How to recognise body dysmorphic disorder

Body dysmorphic disorder (BDD) can be a serious problem, but unfortunately, it can be difficult to diagnose. Sufferers generally have a perception that some aspect of their body is unattractive or problematic and ‘see’ this problem differently from everyone else around them.

For example, a person might become fixated on their skin, believing it is very blemished and unattractive whereas their family and friends think their skin looks absolutely fine and just like everyone else’s. For this reason, it can be hard for medical professionals to understand what is going on and provide a diagnosis.

What impact does body dysmorphic disorder have?

Unfortunately for sufferers of this condition, it can result in feelings of depression and despair. Sufferers might spend considerable amounts of time fixated on or even obsessed with a certain aspect of their appearance, whether this be their skin, a facial feature or even their height or weight. They might feel embarrassed, ashamed or unlovable, and unfortunately, reassurances from others don’t have very much effect at all on their feelings.

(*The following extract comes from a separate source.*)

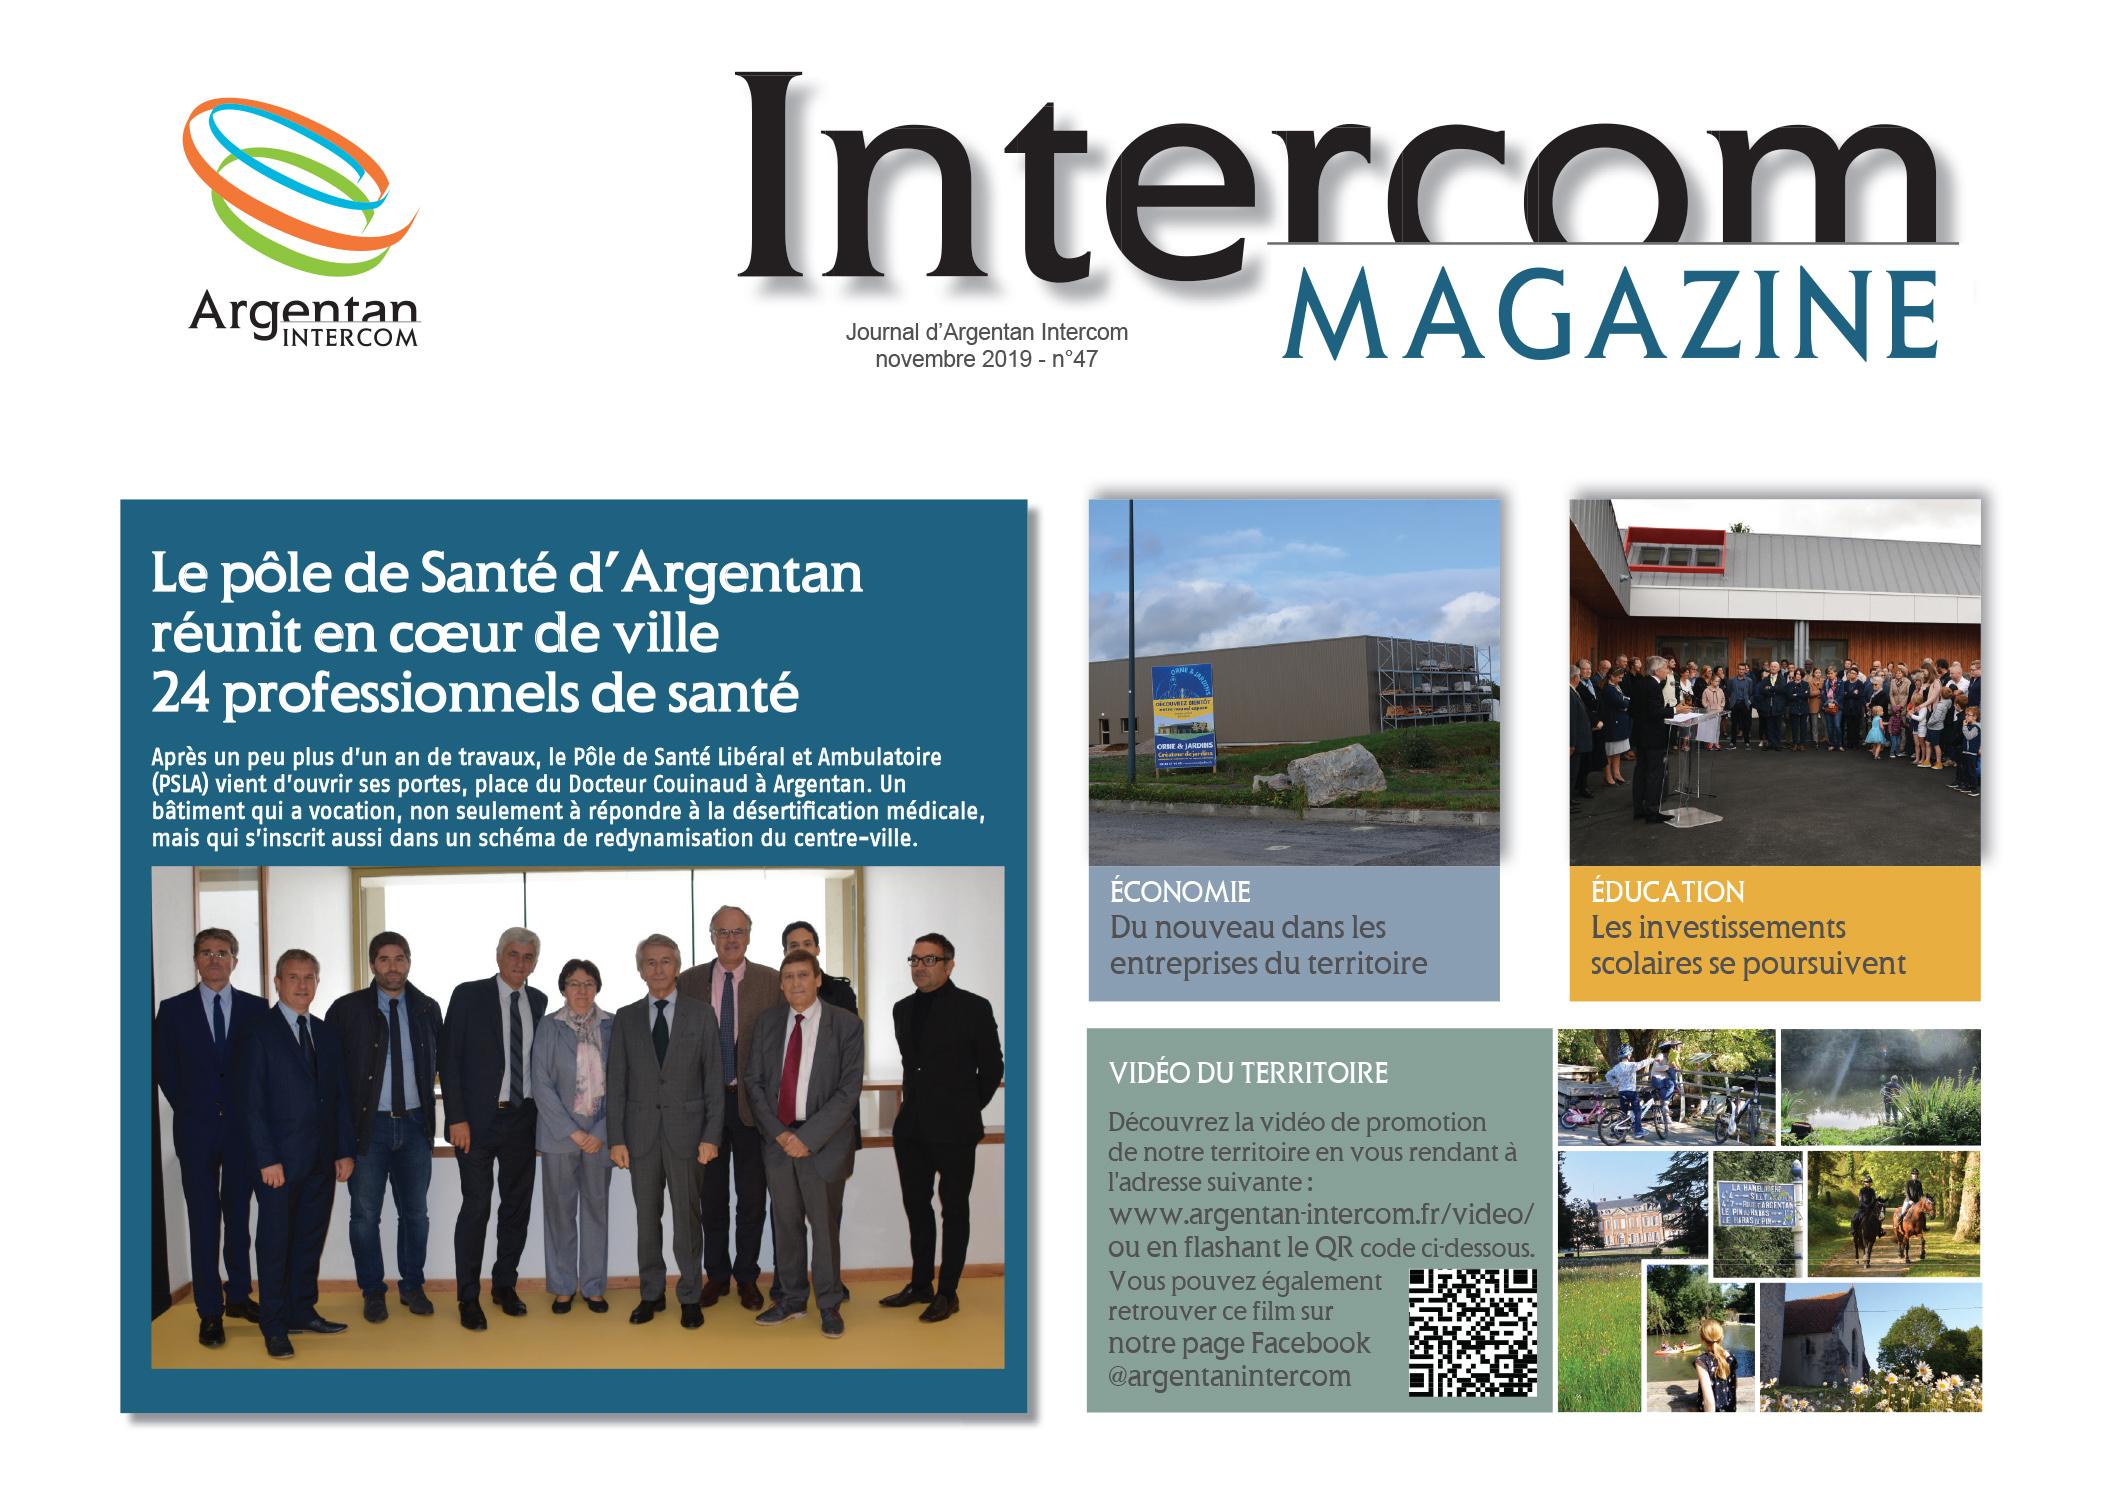 Intercom magazine 47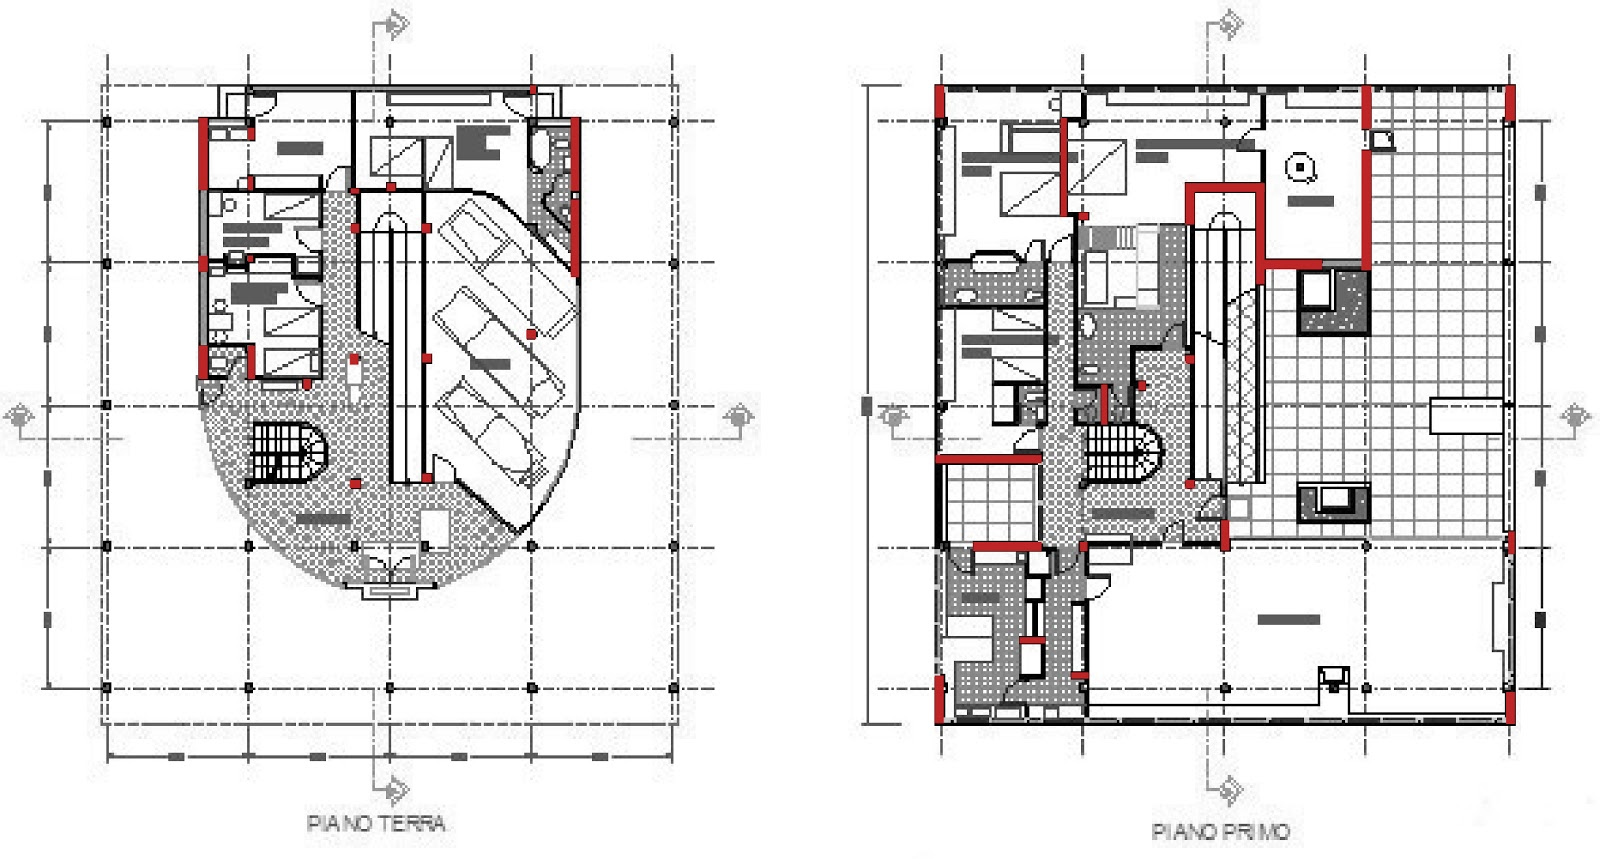 Contemporary European Architecture Regulation Or

People might find it very difficult to acknowledge that they feel this way which might put them off talking to others about it. We might recognise that someone is struggling with BDD if they spend an excessive amount of time in front of the mirror or talking negatively about a certain aspect of their appearance.

Who can be affected?

According to the NHS, body dysmorphic disorder can affect both men and women and tends to be a bit more prevalent in teenagers and younger adults
How can it be recognised and treated?

Fortunately, this condition is becoming better recognised globally. Mental health training courses Plymouth and other locations, such as https://www.tidaltraining.co.uk/mental-health-training-courses/plymouth, can equip healthcare professionals with the knowledge needed to be more aware of and sensitive to this troubling disorder.

Thankfully, treatments are available. Ideally, treatment will be a combination of SSRI antidepressants for a minimum of 12 weeks, combined with Cognitive Behavioural Therapy to support the person’s wellbeing and encourage them to challenge their negative thoughts.